2. Look at KL divergence
    - Look at size of updates in terms of KL divergence.   
    - example:
      - If KL is .01 then very small.
      - If 10 then too much.
  
3. Baseline explained variance.   
    - See if value function is actually a good predictor or a reward.   
      - if negative it might be overfitting or noisy.
        - Likely need to tune hyper parameters

4. Initialize policy   
    - Very important (more so than in supervised learning).   
    - Zero or tiny final layer to maximize entropy
      - Maximize random exploration in the beginning   

## Q-Learning Strategies 
1. Be careful about replay buffer memory usage.  
    - You might need a huge buffer, so adapt code accordingly.   

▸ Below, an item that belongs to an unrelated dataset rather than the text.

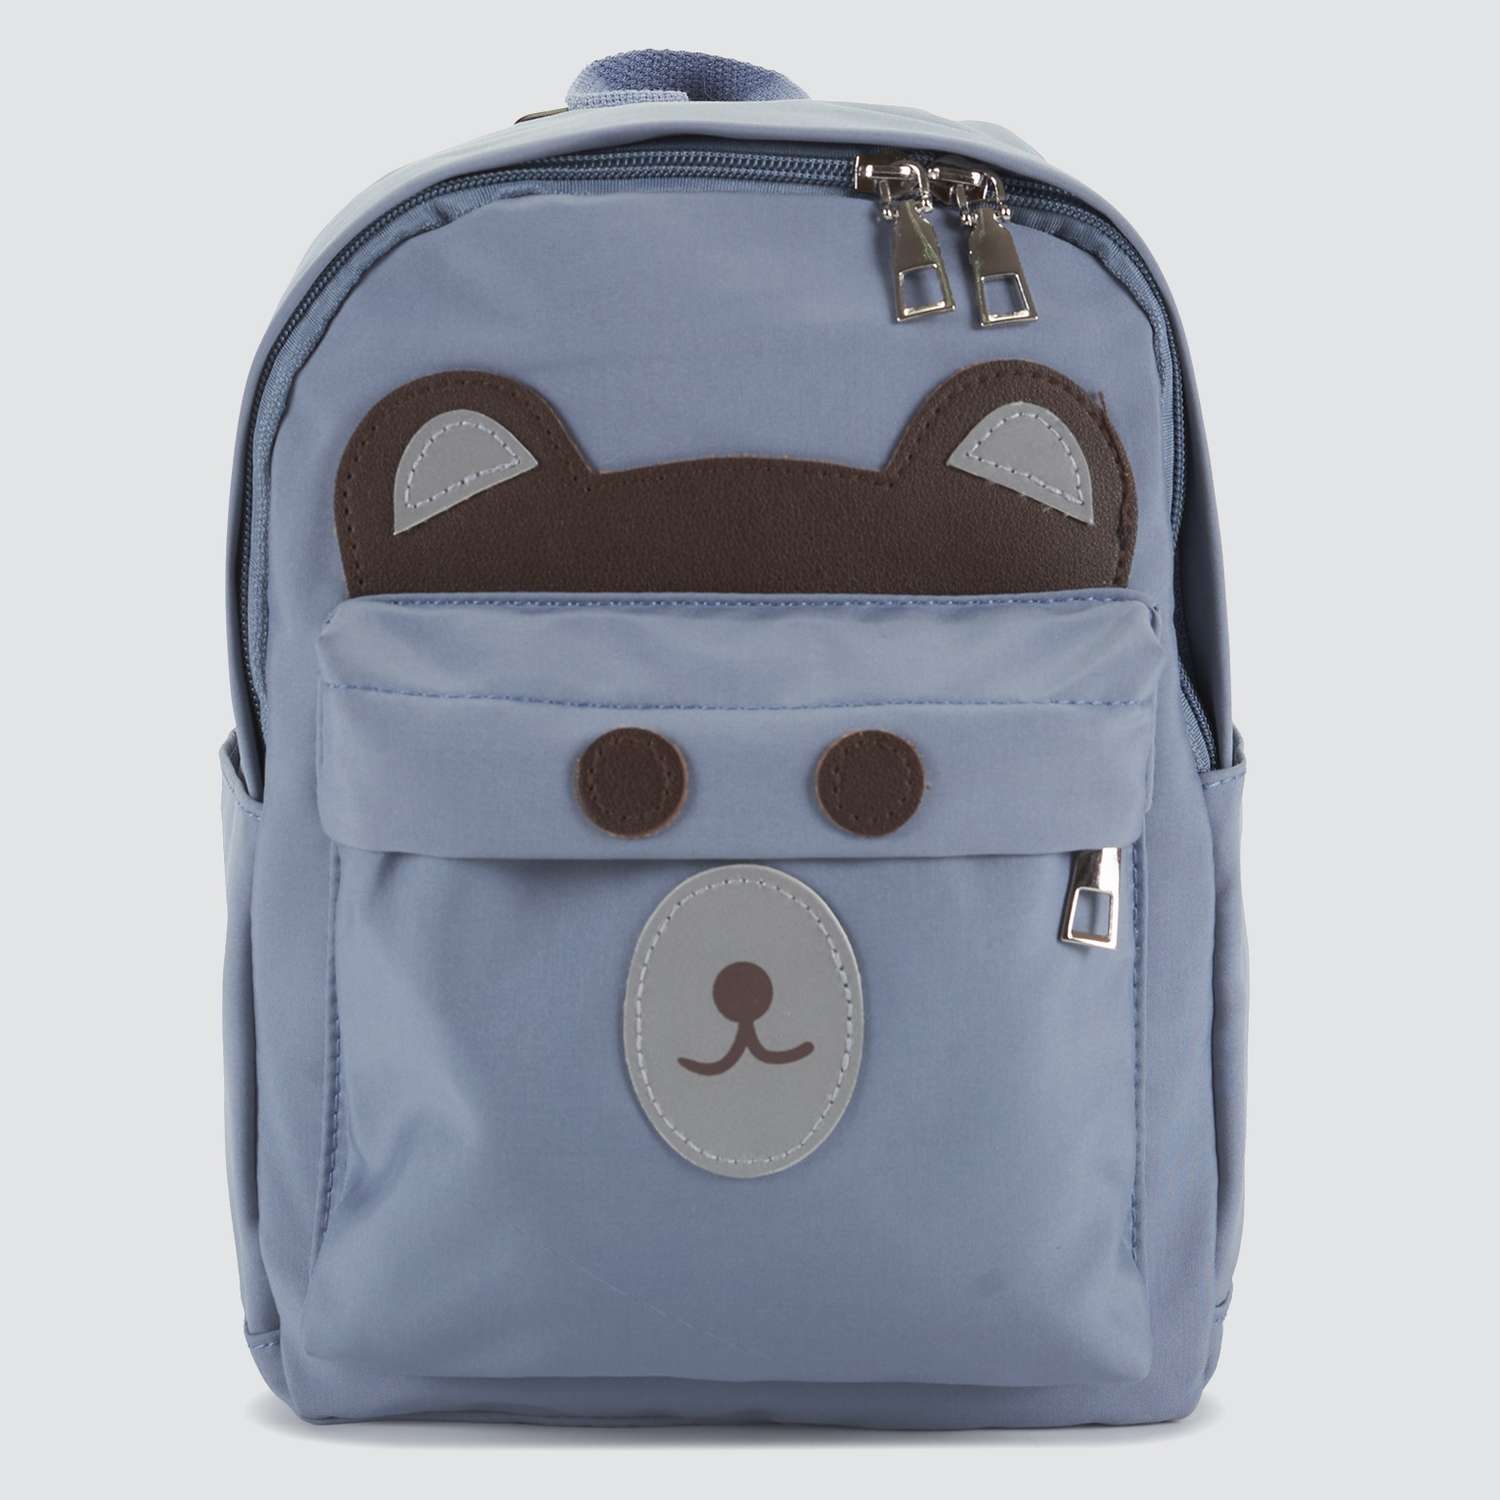 Детский рюкзак Journey 26801 синий медвежонок - фото 2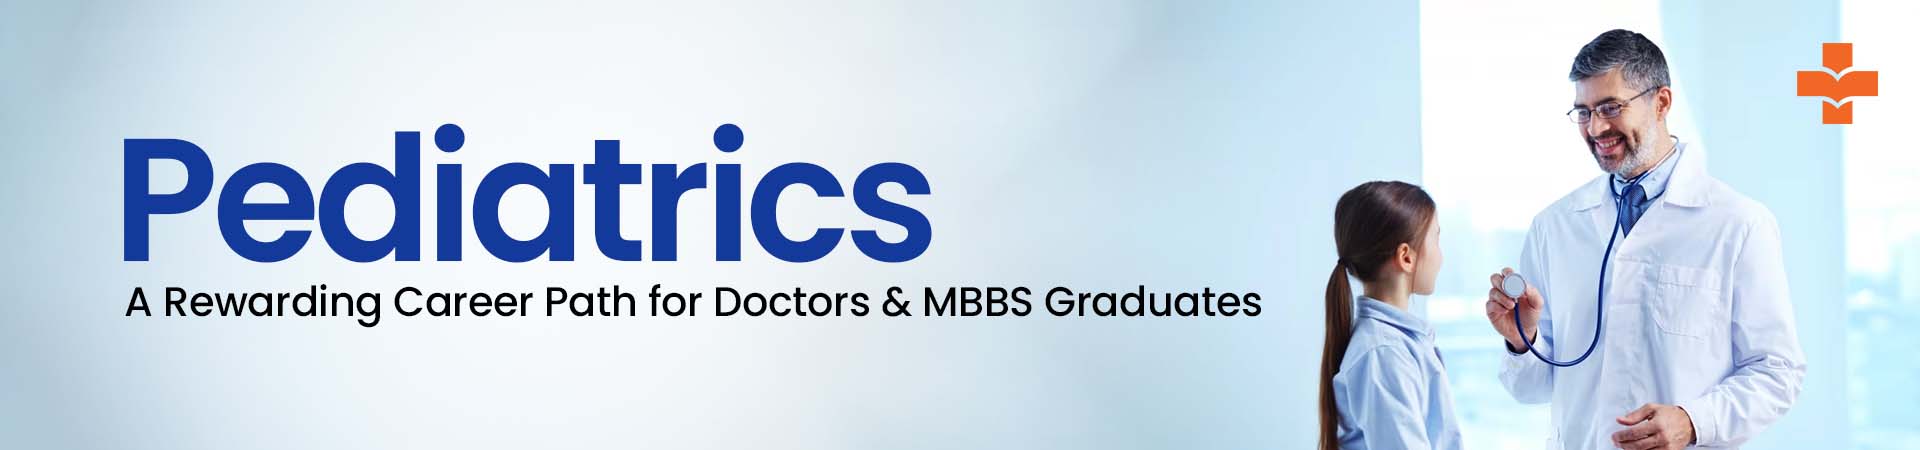 Explore the rewarding career path of Pediatrics for doctors and MBBS graduates.

2. Play with learning rate schedule.   

3. If converges slowly or has slow warm-up period in the beginning
    - Be patient... DQN converges VERY slowly.   


## Bonus from [Andrej Karpathy](http://cs.stanford.edu/people/karpathy/):   
1. A good feature can be to take the difference between two frames.   
   - This delta vector can highlight slight state changes otherwise difficult to distinguish.